Opinion: Prioritize malaria treatment for children

Mothers and their children wait in line at a health clinic in Zambia. Photo by: Toby Madden / Transaid

Malaria hits children the hardest. As stated in the latest “World Malaria Report” launched late last year in Mozambique, malaria continues to take the life of a child under 5 years of age every two minutes. That’s more than a quarter of a million young lives needlessly lost each year.

“Better medicines for children do exist and their correct use at the right time makes the difference between life and death.”

Children are particularly vulnerable to malaria, unlike adults that have grown up in endemic regions, children haven’t yet developed the immunity needed to prevent malaria from progressing to a severe, life-threatening stage. Those children that survive an episode of malaria in some parts of Africa can go on to be re-infected up to 13 times a year, according to research in Uganda.

Although children are the main victims of malaria, few antimalarial medicines have been developed with their needs in mind.

Children are often given adult tablets crushed into powder and added to water, an inadequate solution for young patients for several reasons: Children are not simply “little adults,” they absorb and metabolize medicines differently, some antimalarial medicines are bitter and a child already nauseous from malaria may vomit the medicine and not receive a complete curative dose. In addition, incomplete dosing also increases the risk of developing resistance. Children need palatable, easy-to-take medicines adapted to weight and age.

The global health community has recognized this area of neglected drug development, not only for malaria but in all areas of child health. In 2007, the World Health Assembly issued a resolution on better medicines for children, which promoted child-friendly medicines that meet requirements for dosing, tolerability, and ease-of-administration.

Today, child-friendly antimalarials are available, but those medicines are still not reaching the children that need them. Research covering sub-Saharan Africa estimated that in 2015, only 1 in 5 children younger than 5 years old with malaria infection and fever were treated with a World Health Organization-recommended first-line treatment. Even fewer receive a quality-assured, child-friendly version. The use of better medicines for children needs to be maximized.

In Zambia, we have seen firsthand the difference that getting the right medicines to children at the right time can make. In July 2017, the Medicines for Malaria Venture and Zambia National Malaria Elimination Centre joined forces in a collaboration with consortium partners, led by Transaid on the More Mobilising Access to Maternal Health Services, or MAM project, to improve severe malaria case management.

Specifically, MAM leveraged the existing program that uses bicycle ambulances to help women with distressed pregnancies to get a higher level of care. MAM expanded on the original mission to ensure that children dangerously ill with malaria can receive a prereferral intervention with a rectal administration of the antimalarial artesunate at the community level before being transferred to facilities equipped to administer injectable artesunate. MAM thus helps buy time by slowing down the progress of severe malaria, while ensuring children are transported to appropriate care facilities for severe malaria.
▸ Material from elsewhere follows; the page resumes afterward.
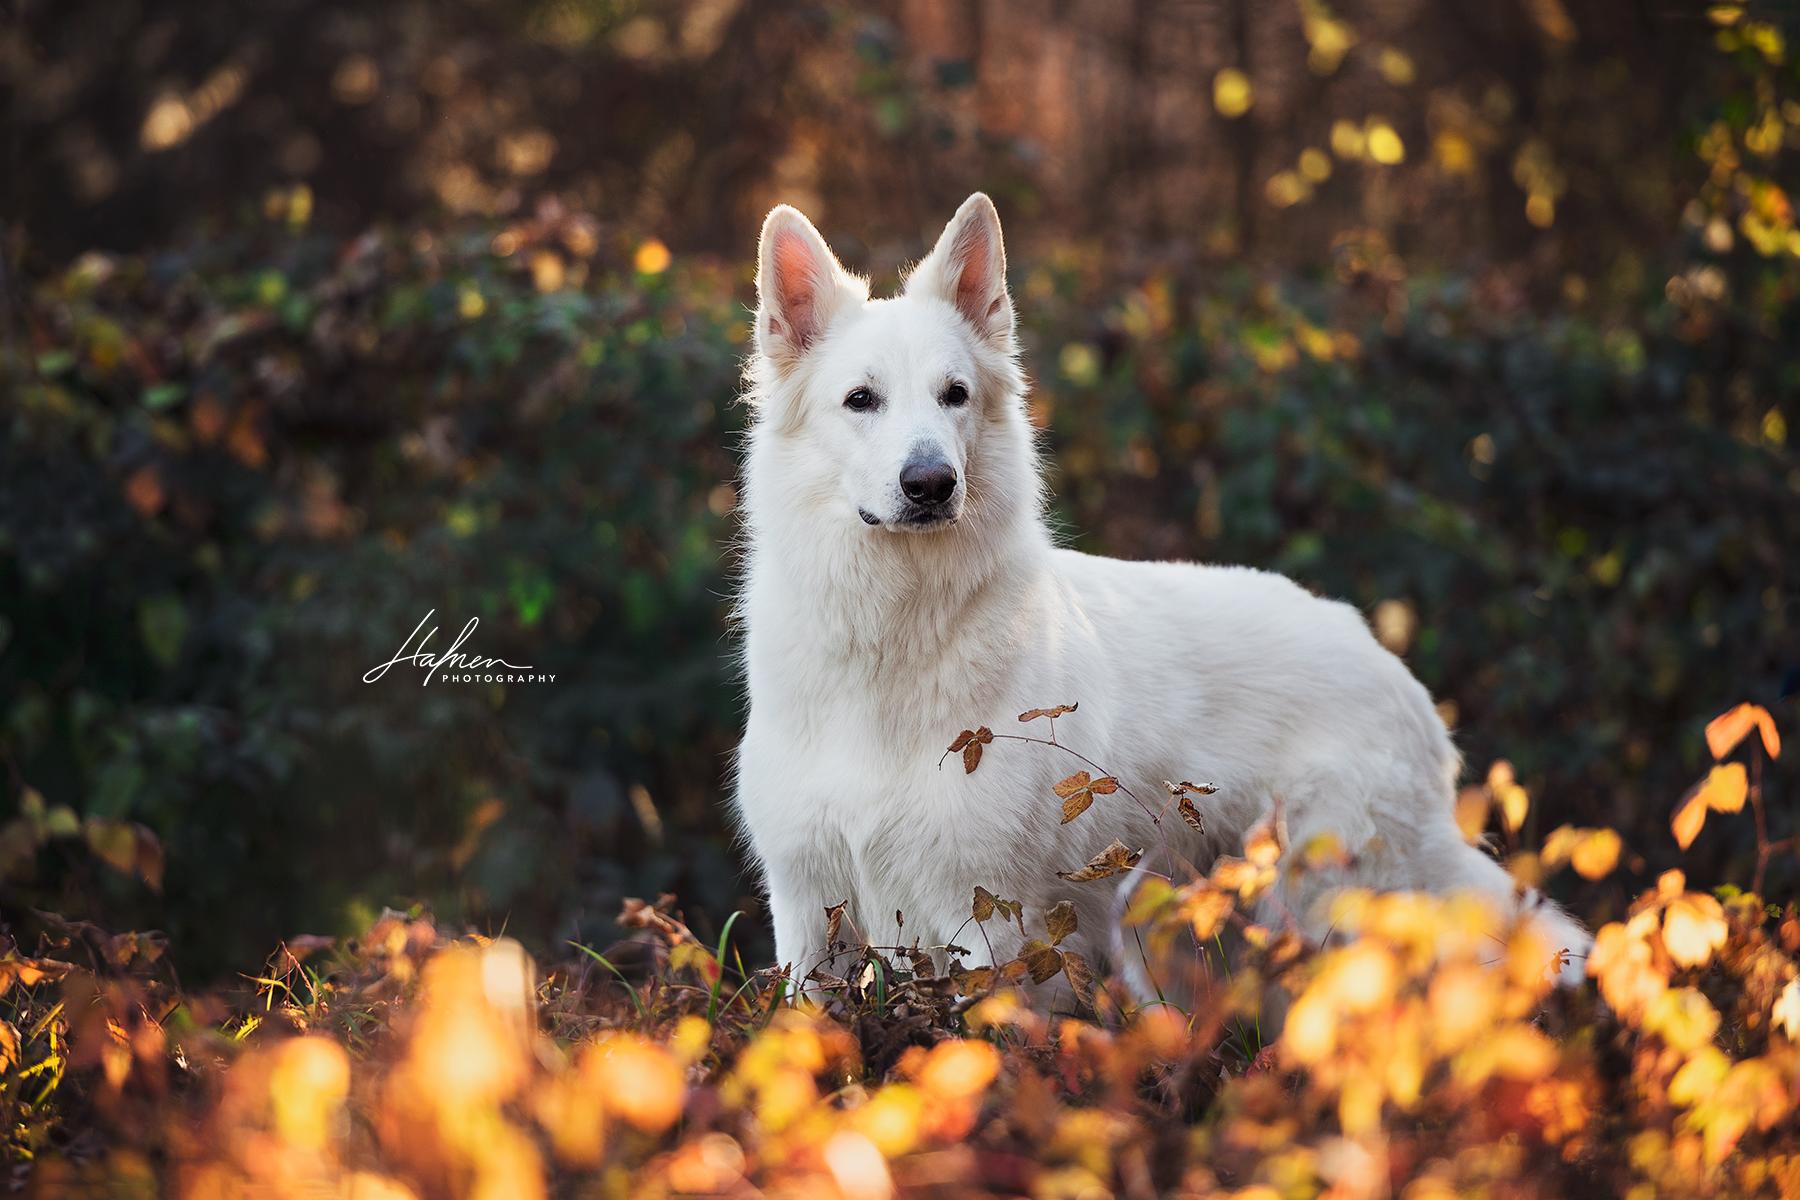 Weisser schweizer Schäferhund steht im Sonnenaufgang im

In addition to its expanded use of bicycle ambulances, the MAM project adopted innovative approaches, including community theatre, and song and dance to create awareness of malaria danger signs in the community. The 12-month pilot project came to an end in 2018 having successfully reduced severe malaria case fatality by 96 percent — from 97 anticipated deaths to three. 

When 1-year-old Alexandria Katontoka fell sick, his mother took him to see a community health care volunteer, Charity Mumba, trained through the MAM project in the Serenje district. Charity used a rapid diagnostic test to confirm malaria, gave him an antimalarial and paracetamol, and sent him home. Later that day, when Alexandria wouldn’t wake up, Charity was called again, and this time administered rectal artesunate. Five minutes after receiving the rectal artesunate Alexandria opened his eyes and was taken to a hospital. There, he received three courses of the WHO-recommended treatment — injectable artesunate — and the following day could be discharged, with a course of artemisinin-based combination therapy and vitamins to be taken at home.

Based on the MAM project’s success, rectal artesunate has been adopted as part of the Zambian national policy for country-wide scale-up, with ongoing efforts to mobilize the resources to make it happen. But the work cannot and will not end there.

As of October 2018, just over half of the most affected countries in Africa have included WHO-approved rectal artesunate in their national malaria treatment guidelines. Given this, and the significant impact demonstrated by MAM, it is clear more needs to be done to roll out these initiatives in other countries. The governments of Malawi, Liberia, Madagascar, and Angola are also eager to introduce rectal and injectable artesunate and are looking to Medicines for Malaria Venture for guidance.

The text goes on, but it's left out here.